I WAS glad to see that your editorial (Echo, Oct 15) recognised the link between international terrorism and the Palestinian problem.

UN pressure, including at least an arms embargo, must be put on the Israelis to withdraw from the occupied territories and to pull out the illegal settlers. Most reasonable people on both sides of this dispute accept that this now offers the only hope for peace. It is a solution which has been persistently sabotaged by successive Israeli governments, goaded by Zionist extremists on the one hand, and by Islamist extremists on the other, who step up their despicable suicide bombings whenever compromise seems possible.

They are motivated more by hatred than desperation, but they rely upon the hopeless and the desperate for their supporters and their suicidal recruits. Justice for the Palestinians would disempower them, and also bring security for Israel.

It would also undermine support for Saddam Hussein by depriving him of his ludicrous claim to be the champion of the Palestinians, and of Arabs and Muslims generally, and by demonstrating that the UN can apply the principles of justice and human rights impartially. - P Winstanley, Durham.

BALI BOMBING

APPARENTLY, the Australian government has been told by sources in Indonesia to advise its citizens to leave the country.

I wonder why this should be. Then I began to think about the despicable treatment by Australia of asylum seekers from Indonesia.

I am absolutely amazed that our media have not made the connection. Then again why be surprised when they turn a blind eye to many incidents which could embarrass our "allies".

Many Australians were ashamed at what the Howard administration did in their name and surely some must be thinking this is the bitter harvest. - H Pender, Darlington.

GUY FAWKES

RAY Mallon (Echo, Oct 18) describes Guy Fawkes as a terrorist, but is this description correct?

We are constantly told that Guy Fawkes' actions were an attack against democracy. This is a lie. In 1605 Parliament was composed entirely of unelected people led by the unelected religious fanatic James I, in which only those of noble birth or sufficient wealth could have political representation and any form of legal, civil or human rights.

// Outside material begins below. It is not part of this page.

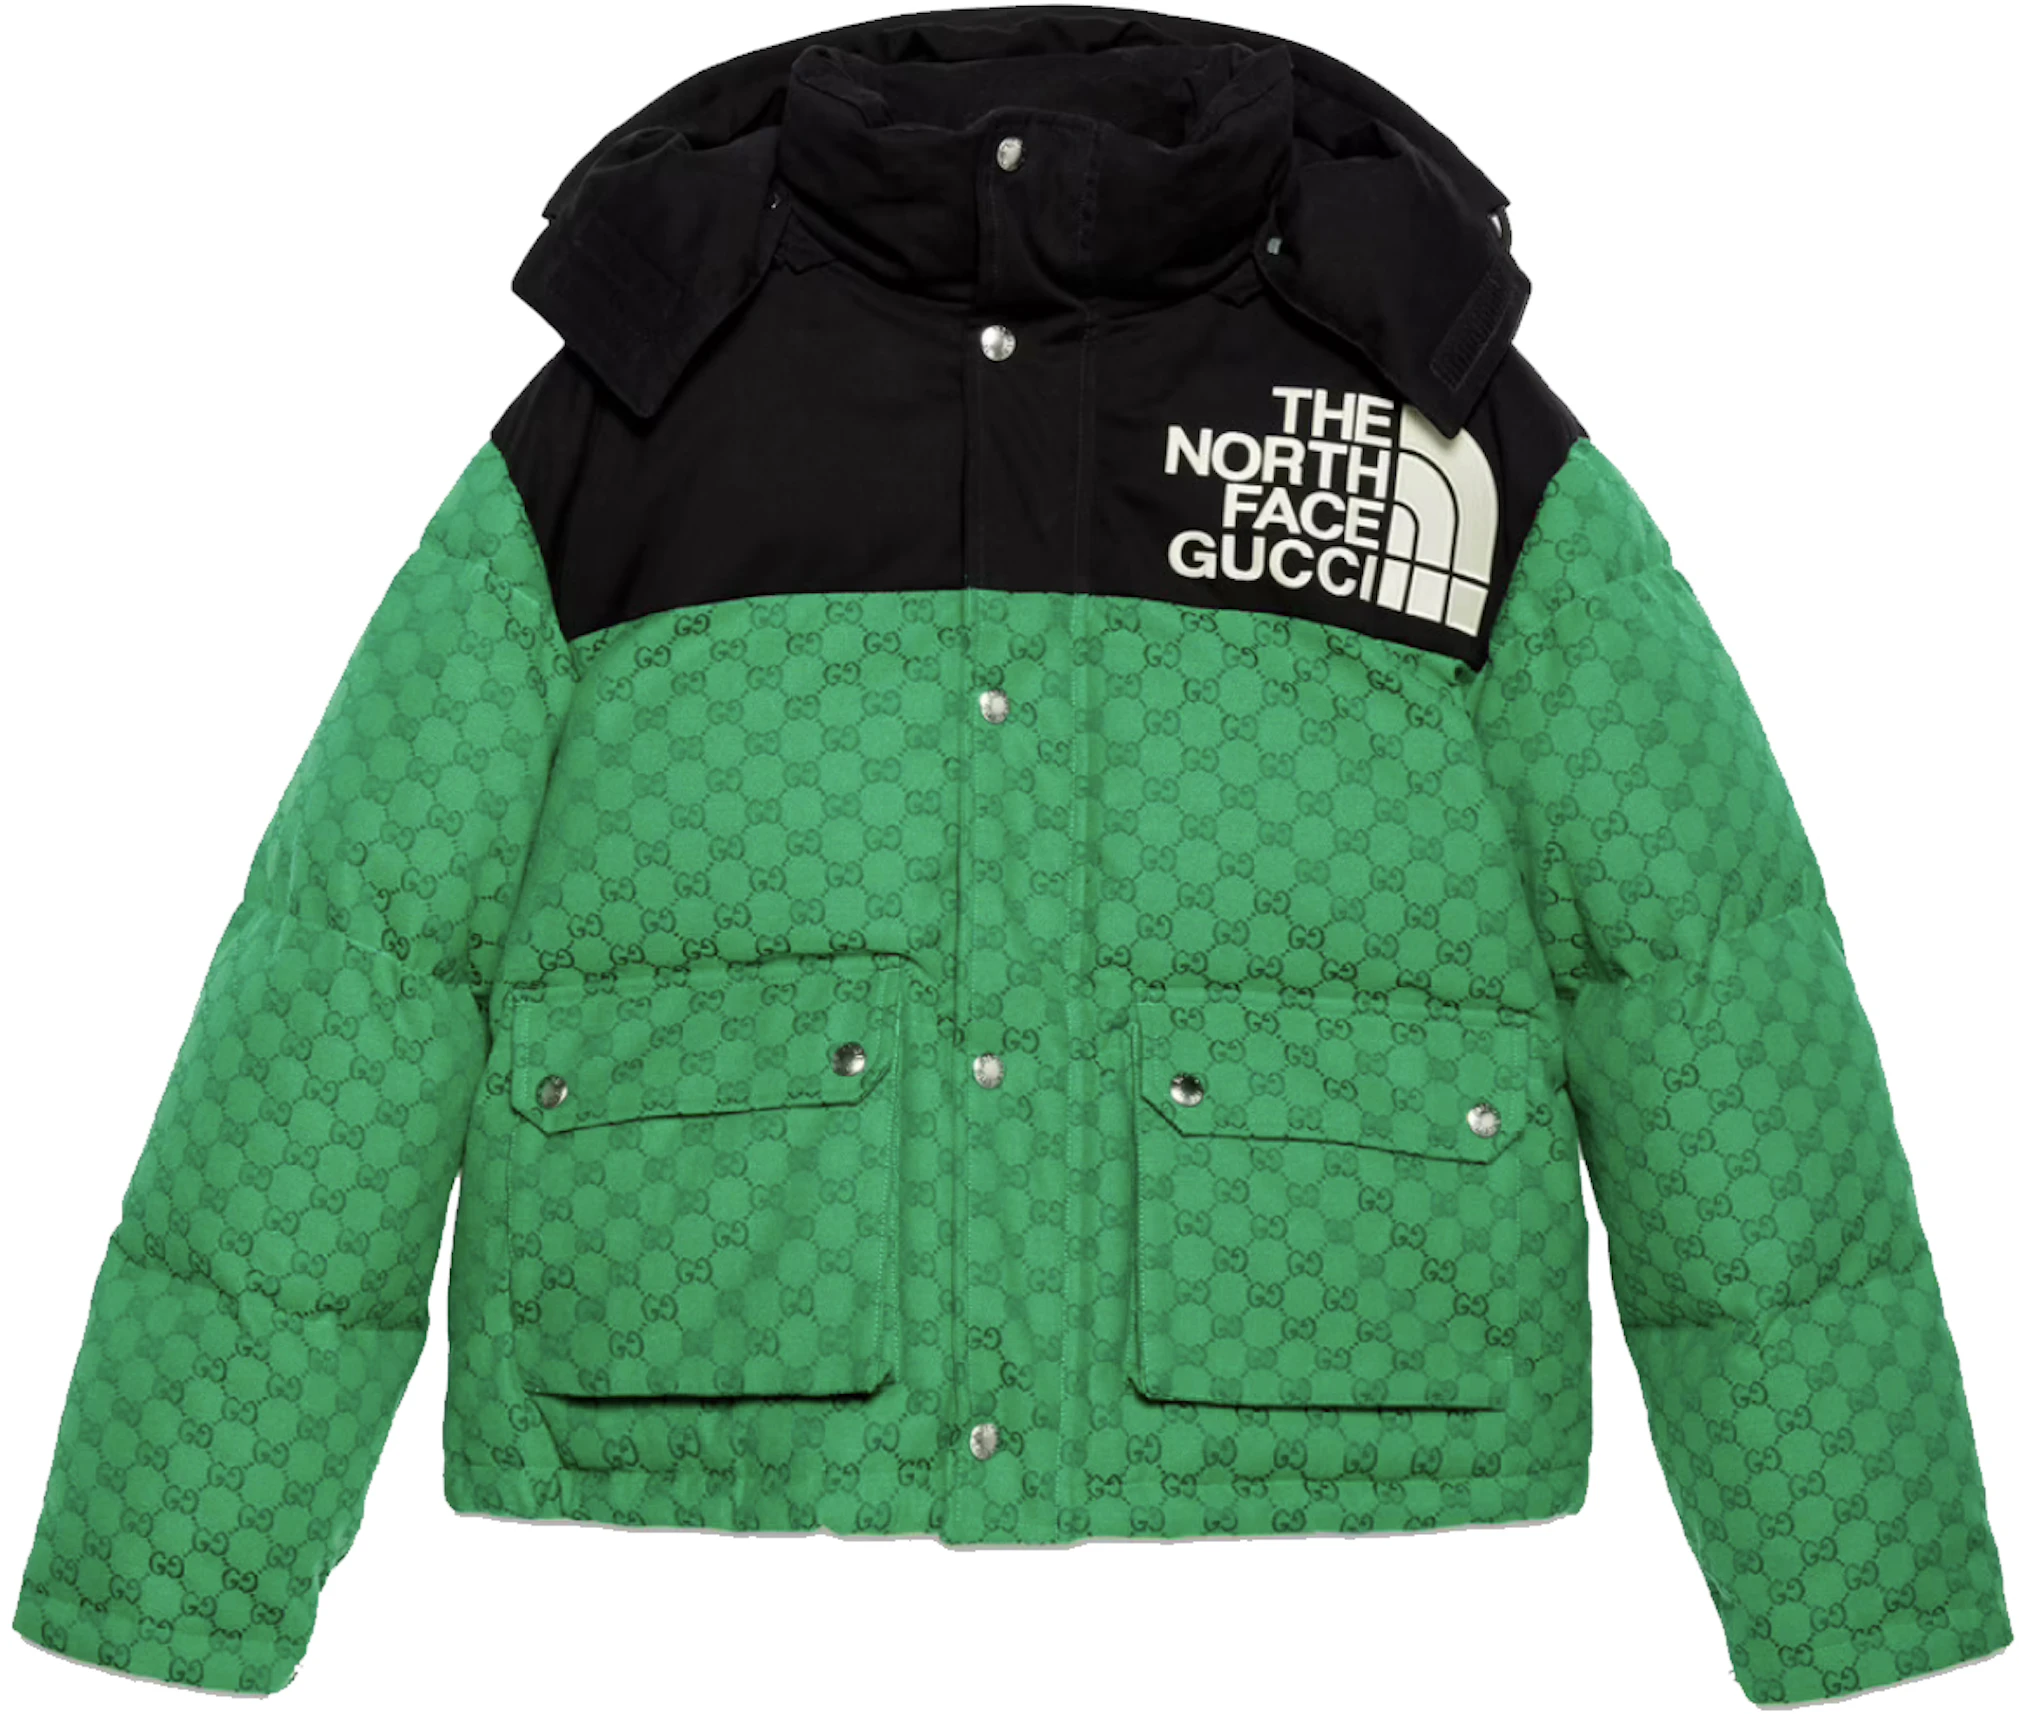 The North Face X Gucci Drops New Styles, Plans Pop-up Shops – WWD | vlr ...

In effect, Guy Fawkes was a terrorist because he tried to destroy a brutal dictatorship, led by a religious fanatic who used policies of religious, cultural and racial genocide against his own population and those of other nations.

But are not these the same reasons behind the West's war on terrorism? - CT Riley, Spennymoor.

REGIONAL GOVERNMENT

WHEN it comes to hearing all sides of the debate on devolution for England, there is only one point of view expressed by politicians and media alike.

That is the policy of regional assemblies. These are discussed as if they are inevitable.

If regional assemblies are inevitable it is only because they have been the only cards on the table. No other alternatives, such as a Parliament for England, have ever been discussed.

The people of England have not, nationwide, been given the opportunities of full public debate, followed by consultation and had our consent sought through referendum on the way our nation is to be governed in the future.

This contrasts starkly with the treatment the people of Scotland received before the Scottish Parliament was established in 1999.

There has not been, to date, one single supporter of regional assemblies who can state what legislative powers they will have (if any). What tax raising or lowering powers they will have (if any) or whether they will have the same rights and privileges enjoyed by the Scottish Parliament. The only thing that RAs can promise is a lack of local accountability and representation and a massive, expensive and self-proliferating bureaucracy, designed solely to implement the policies of Central Government in Westminster. - Colin Ray (Member of The Campaign for an English Parliament), Harwell, Essex.

BRIAN RIX

WHAT wonderful memories Mike Amos brought back in his Gadfly column (Echo, Oct 16) when he recalled the days when Brian Rix reduced audiences to tears of laughter with his Whitehall farces.

Baron Rix, as he is now, deserves to be acclaimed for the joy he brought to so many people through his stage performances, and even more so for the many years of quiet, non-self publicity seeking work he does for mentally-handicapped people, the cause to which he has dedicated his life. - EA Moralee, Billingham.

EUROPE

FOR anyone trying to deny what the European Union is intent on becoming, we need simply to heed the words of former French president Valery Giscard D'Estaing, now President of the Convention on the Future of Europe. He revealed he wants to rename the EU the "United States of Europe".

This is to be the new Soviet Union, built by a self-serving political elite without the democratic mandate from any of the peoples across Europe and with its own currency, bank, flag, anthem, army, parliament, police force, courts, judicial system and, before long, its own constitution.

Unless this train is derailed, the wars of secession in Europe may be very bloody indeed.

It is time we had a referendum across the whole of the EU as to whether the people of the member states actually want to be part of this one nation.

This is not alarmist talk from someone with any vested interest. This is simply from a former market trader who was forced to find out how the whole situation in which he had become embroiled had actually been allowed to happen. - Neil Herron, Metric Martyrs Defence Fund, Sunderland.